Образ белокурого носильщика почему-то запал мне в душу. У него было очень юное и в то же время насмешливо-патетичное лицо, что редко встречается у юношей одновременно. Казалось, он не боится ни пафоса, ни зубоскальства. Короткий нос и очень красивая верхняя губа, тоже короткая, составляли особенность его лица. Но, несмотря на все его ребячество, на кошачью стройность и мягкость, было в нем что-то, внушавшее страх и осторожность. Сила, с какой ложились у рта краткие и выразительные линии, мощное развитие лба, упрямая переносица придавали ему вид слишком властный и самоуверенный, чтоб можно было захотеть погладить его по шерстке.
Я стала сдержанней с Екатериной Васильевной. Мне было обидно, что она не доверяет мне. И несколько дней мы никуда не ходили, к большому удовольствию Валентина Сергеевича, находившего, что лучшее дело для меня — вышивание гладью.
Как-то, не удержавшись, я заглянула к ней в комнату и застала ее за чтением местной русской газетки.
— Неужели вы читаете эту гадость? — вырвалось у меня.
— Почему гадость?
В вопросе была обидная ирония.
— Но… ведь даже краска типографская у них пачкает. Нельзя держать газету возле блузки. И потом они… это какие-то из подонков общества, большей частью, кажется, социалисты.
Екатерина Васильевна расхохоталась.
— Идите сюда, милая моя, — потянула она меня за руку ужасно фамильярно, — я очень рада, что мы договорились до этого. Потому что, не будь вы такая хорошенькая, я бы сейчас дала вам по носу и выставила за дверь. А так как у вас вот эта пара глазок и это одухотворенное личико, впрочем, может быть, от нездорового образа жизни или от корсета, и вот эти итальянские ручки, я с вами еще поговорю.

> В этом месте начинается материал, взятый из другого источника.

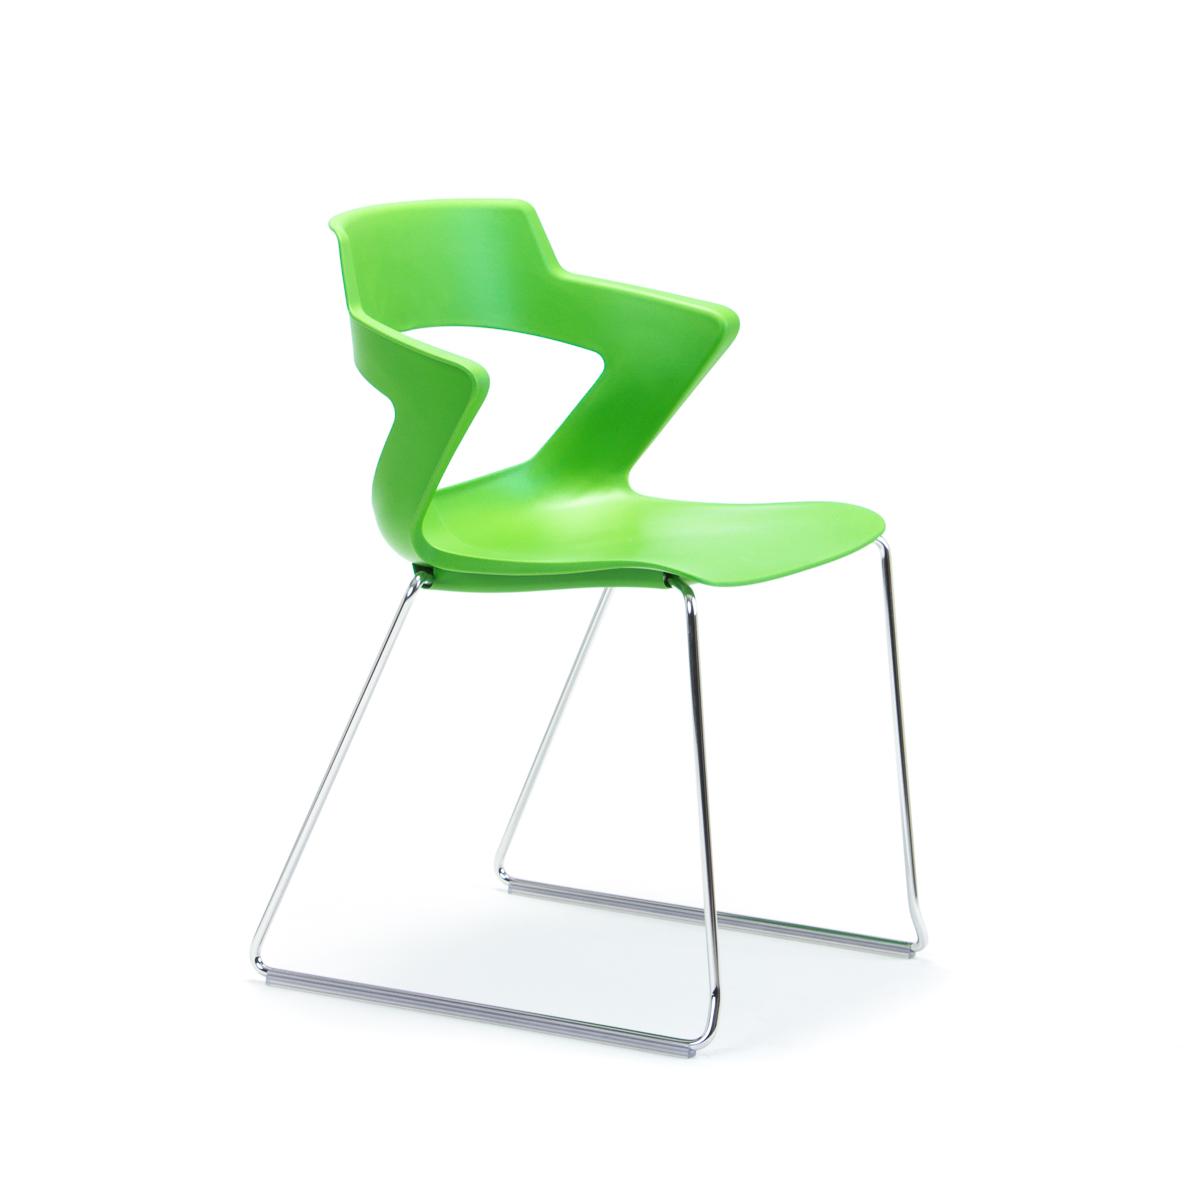 CS_Zen-sled-green.jpg

Я вырвала у нее руку и воскликнула со слезами:
— Вы скверная, черствая, невоспитанная женщина, не уважающая чужого мнения. Деспот!
— И вдобавок ко всему этому — социалистка и коммунистка, — добавила она как ни в чем не бывало.
Это было выше моих сил. Я уткнула лицо в носовой платок и бросилась к себе в комнату. Там я поплакала. Екатерина Васильевна — социалистка! Вот разочарование. Кто бы мог подумать — фамилия такая старая русская, и вся она такая… ни чуточки не похожая.
Когда мы сели обедать у себя в гостиной, я не удержалась и сказала мужу:
— Вилли, можешь себе представить, Екатерина Васильевна оказалась социалисткой.
Валентин Сергеевич пожал плечами:
— Я достаточно предупреждал вас, милая. Теперь сами изобретайте способы, как перестать с ней раскланиваться.
Я тотчас же почувствовала знакомый мне за два года брака прилив возмущения:
— Почему нам не раскланиваться?
Он отодвинул тарелку и посмотрел на меня. Пробор доходил ему чуть ли не до самой переносицы; волосы были справа и слева зачесаны на плешь. Глаза смотрели прищуренно и, надо сознаться, скорей по-птичьи, чем по-человечьи (я надеюсь, мой муж не обидится на эту характеристику). Он вытаращил их в совершенно искреннем изумлении.
— К-как, — пискнул он, поперхнувшись, — вы намерены продолжать с нею ваши тет-а-теты, прогулки и поцелуи, несмотря на то, что она социалистка?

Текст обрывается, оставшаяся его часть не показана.